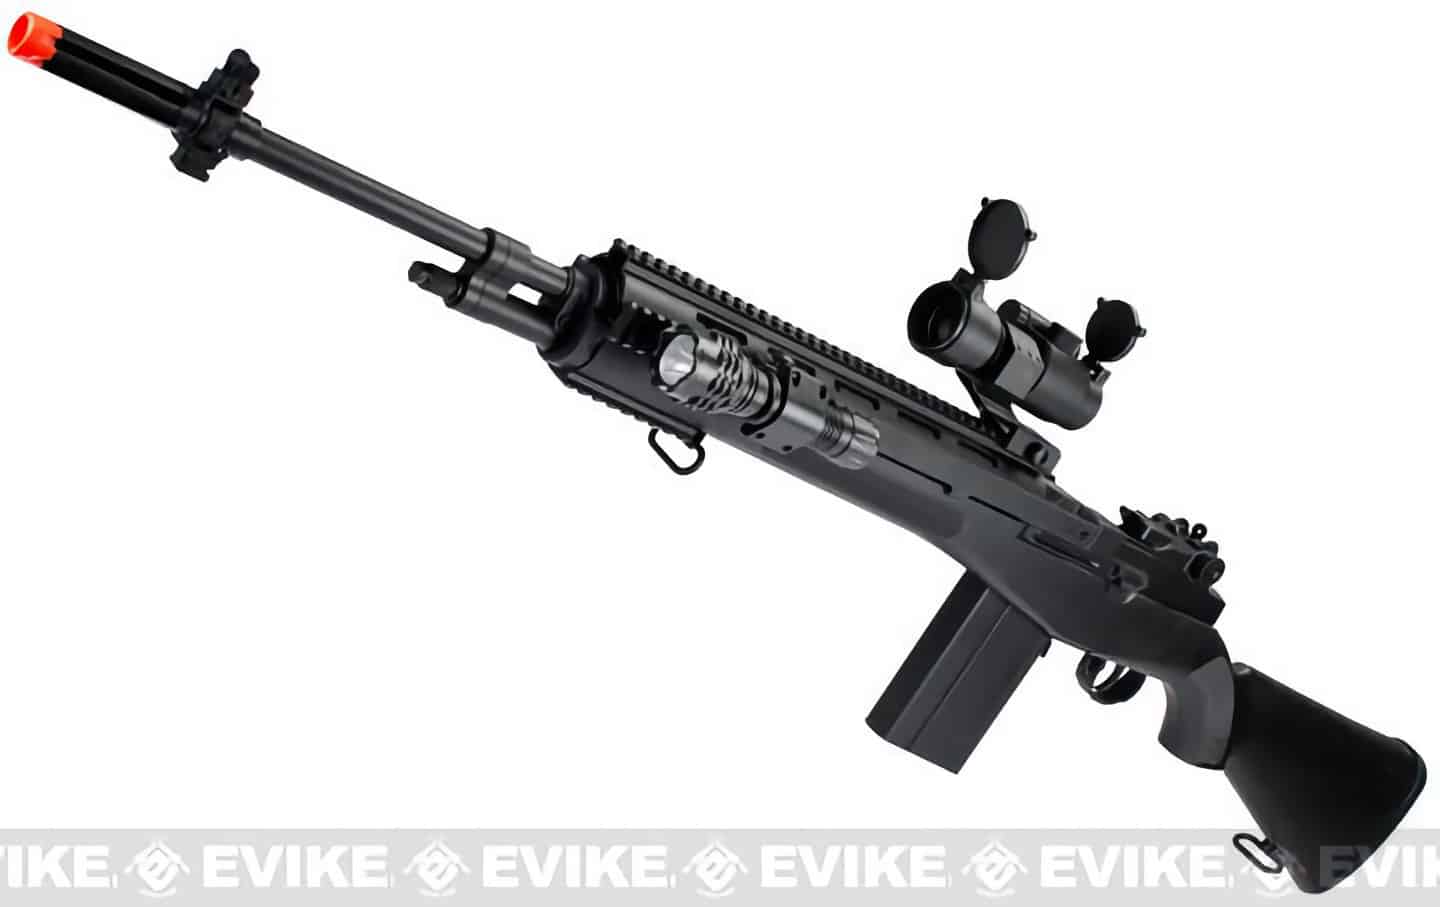 AGM M14 Full Size Airsoft Spring Powered Sniper Rifle
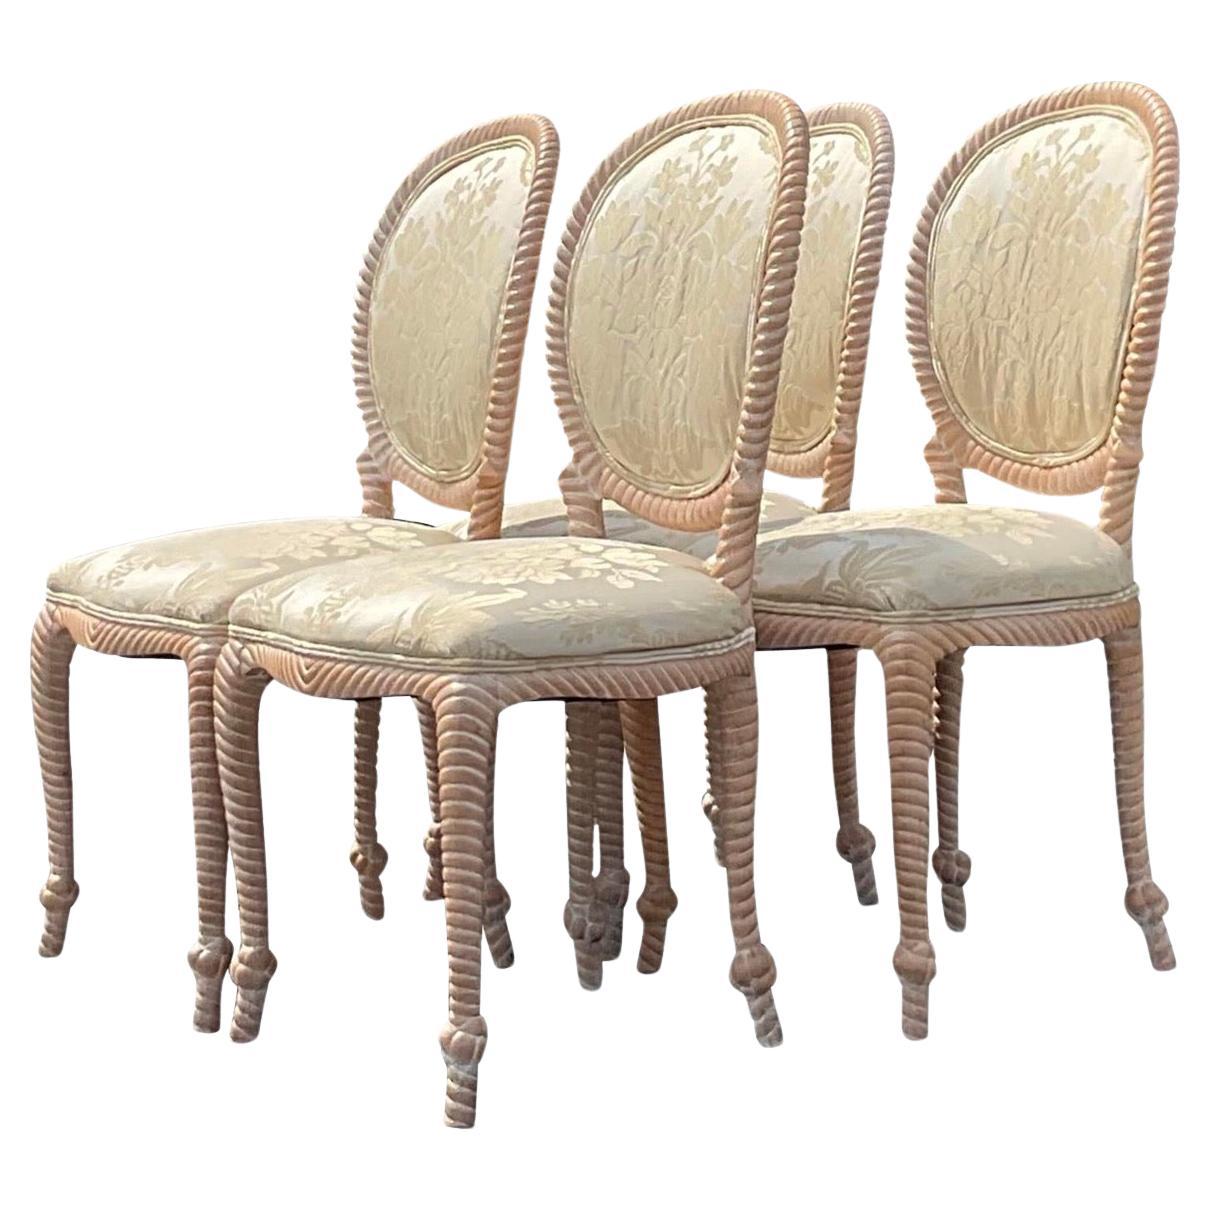 Vintage Coastal Carved Rope Dining Chairs - Set of 4 For Sale
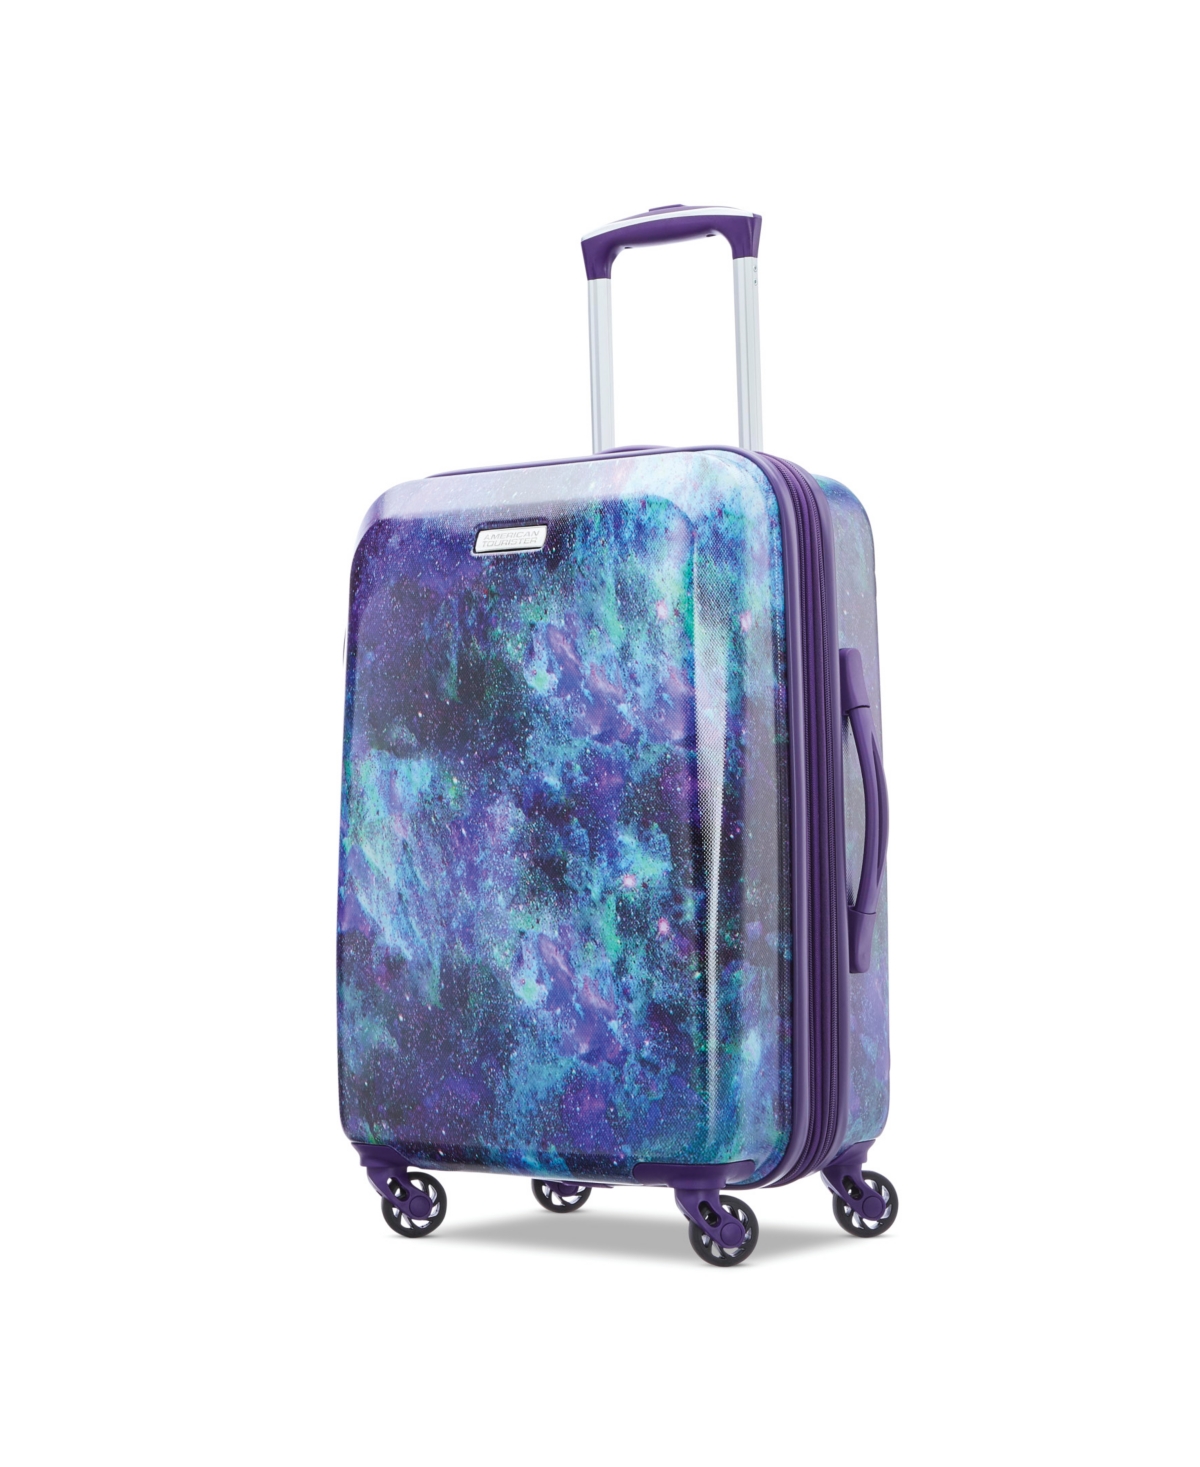 Moonlight 21" Hardside Expandable Carry-On Spinner Suitcase - Cosmos
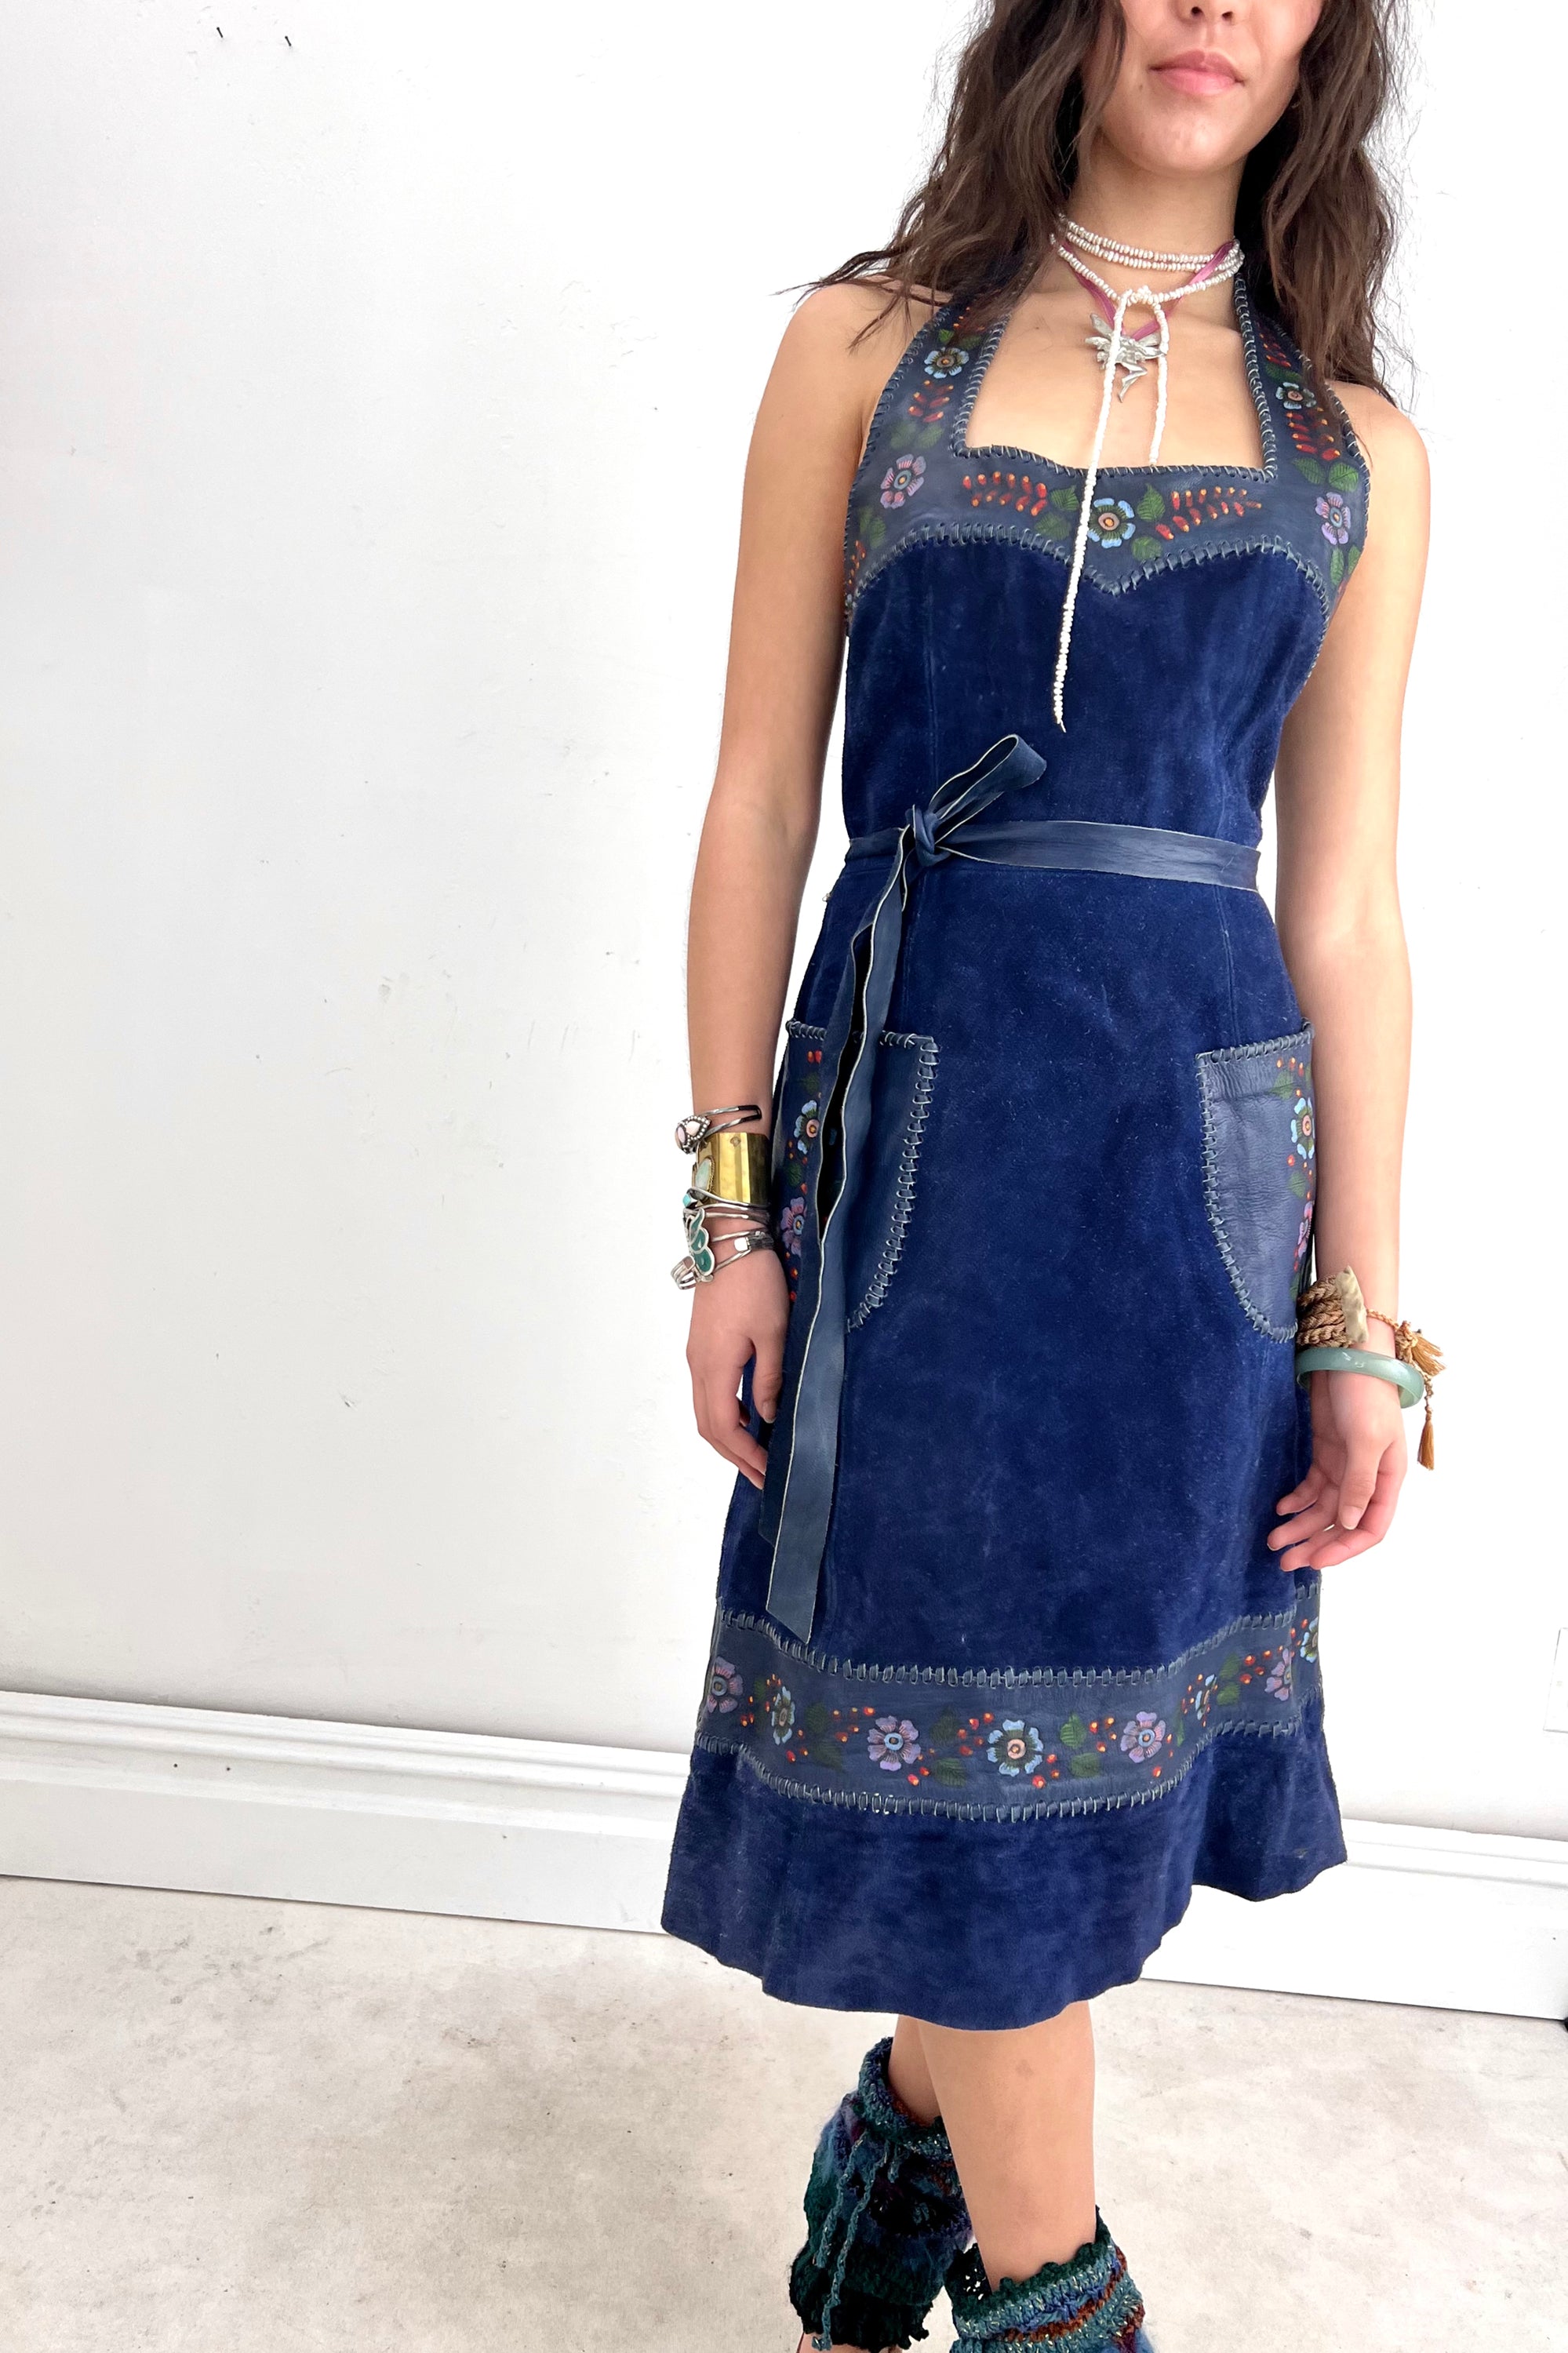 Vintage Char Leather Wrap Dress Selected by Anna Corinna

- Task objective -
The pictures stay out; copy the rest of the data word for word.

- Reply to the exercise -
 AGM M14 Full Size Airsoft Spring Powered Sniper Rifle
 Vintage Coastal Carved Rope Dining Chairs - Set of 4 For Sale
 Moonlight 21" Hardside Expandable Carry-On Spinner Suitcase - Cosmos
 Vintage Char Leather Wrap Dress Selected by Anna Corinna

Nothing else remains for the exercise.